Rheinsberg, jene anmutige Besitzung in der Nähe von Ruppin, mit welcher der Kronprinz nach seiner Vermählung beschenkt worden war, bildete nun den Mittelpunkt seiner Freuden. Hier wurde seine Hofhaltung, fürstlich, aber ohne übertriebenen Glanz, eingerichtet; hier sammelten sich um ihn die Männer, die ihm vor allen wert waren; hier widmete er die Tage, die nicht durch Dienstgeschäfte in Anspruch genommen wurden, dem ungestörten Genuss der Wissenschaften und Künste. Das Verhältnis zu seiner Gemahlin hatte sich auf eine sehr erfreuliche Weise gestaltet; ihr Äußeres hatte die zarteste Anmut gewonnen, ihre Schüchternheit hatte sich zur reinsten weiblichen Milde entfaltet, ihre vollkommene Hingebung an den Gemahl erwarb ihr von dessen Seite eine herzliche Zuneigung; ohne im Mindesten danach zu streben, war sie in dieser glücklichen Zeit selbst nicht ohne Einfluss auf seine Entschließungen. Leider nur war die Ehe durch keine Kinder beglückt.
Friedrich – 1736
Unter Friedrichs Freunden sind vornehmlich anzuführen: Baron Keyserling, ein heiterer, lebensfroher Mensch, der ihm schon in früherer Zeit vom Könige zum Gesellschafter gegeben war und mit dem sich jetzt das innigste Verhältnis entwickelte; Knobelsdorff, dem Kronprinzen seit der Zeit des Küstriner Aufenthalts wert, damals Hauptmann, jetzt aber dem militärischen Treiben abgetan und nur den bildenden Künsten, namentlich der Architektur, lebend, für die er ein hochachtbares Talent auszubilden wusste; Jordan, früher Prediger, jetzt mit dem Studium der schönen Wissenschaften beschäftigt und durch gesellige Talente ausgezeichnet, u. a. m.
Hofmaler Antoine Pesne
Sodann eine Reihe ehrenwerter Offiziere, älterer und jüngerer; Künstler, unter denen besonders der Hofmaler Pesne von höherer Bedeutung ist; Musiker, wie z. B. der bekannte Kapellmeister Graun; und manche Andere, die nur vorübergehend in Rheinsberg einsprachen. Mit entfernten Freunden endlich wurde das Band durch einen eifrig fortgesetzten Briefwechsel festgehalten.

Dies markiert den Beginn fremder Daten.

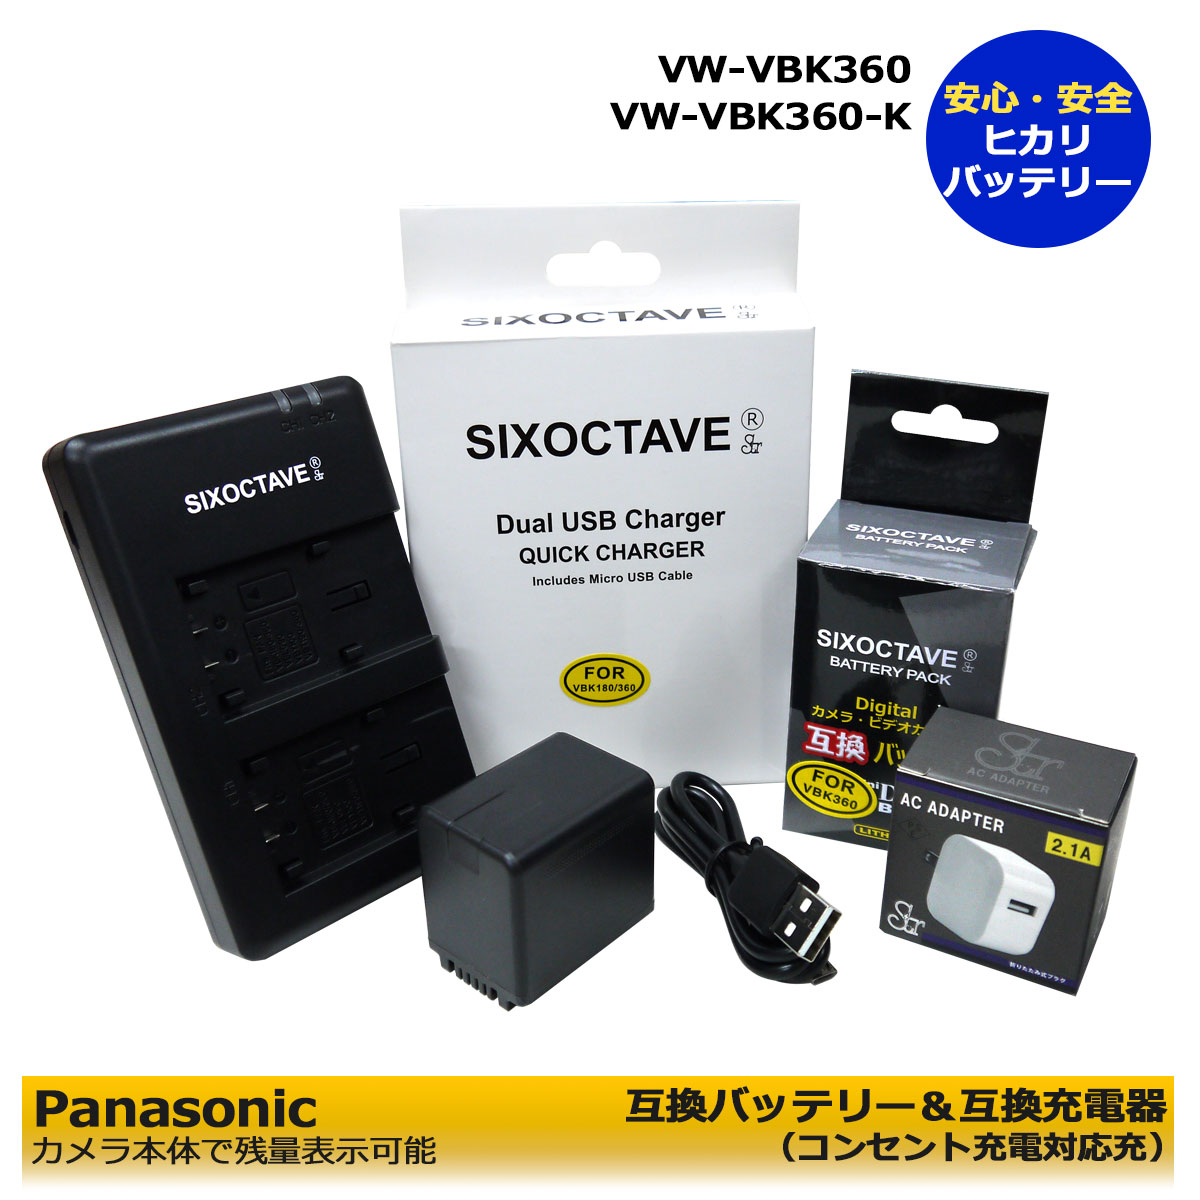 送料無料【あす楽対応】Panasonic 残量表示可能 VW-VBK360 / VW-VBK360-K 互換電池 1個（純正充電器で充電可能）と 互換充電器 デュアル1個とACアダプター1個 の3点セットHDC-TM85 / HDC-TM90 / HDC-TM95 / HC-V100M / HC-V300M / HC-V600M / HC-V700M (A2.1)

Jacob Friedrich Freiherr von Bielfeld – 1717 – 1770
In den Briefen eines Zeitgenossen, des Baron Bielfeld, der im letzten Jahre ebenfalls unter die Zahl der Rheinsberger Freunde aufgenommen wurde, ist uns das anschaulichste Bild von Rheinsberg, von der Anmut des Ortes, von der Heiterkeit des dortigen Lebens aufbehalten. Wir können die Schilderung desselben nicht besser wiedergeben, als indem wir seine eigenen Worte benutzen:
„Die Lage des Schlosses (so schreibt Bielfeld im Oktober 1739) ist schön. Ein großer See bespült fast seine Mauern, und jenseits desselben zieht sich amphitheatralisch ein schöner Wald von Eichen und Buchen hin. Das ehemalige Schloss bestand nur aus dem Hauptgebäude mit einem Flügel, an dessen Ende sich ein alter Turm befand.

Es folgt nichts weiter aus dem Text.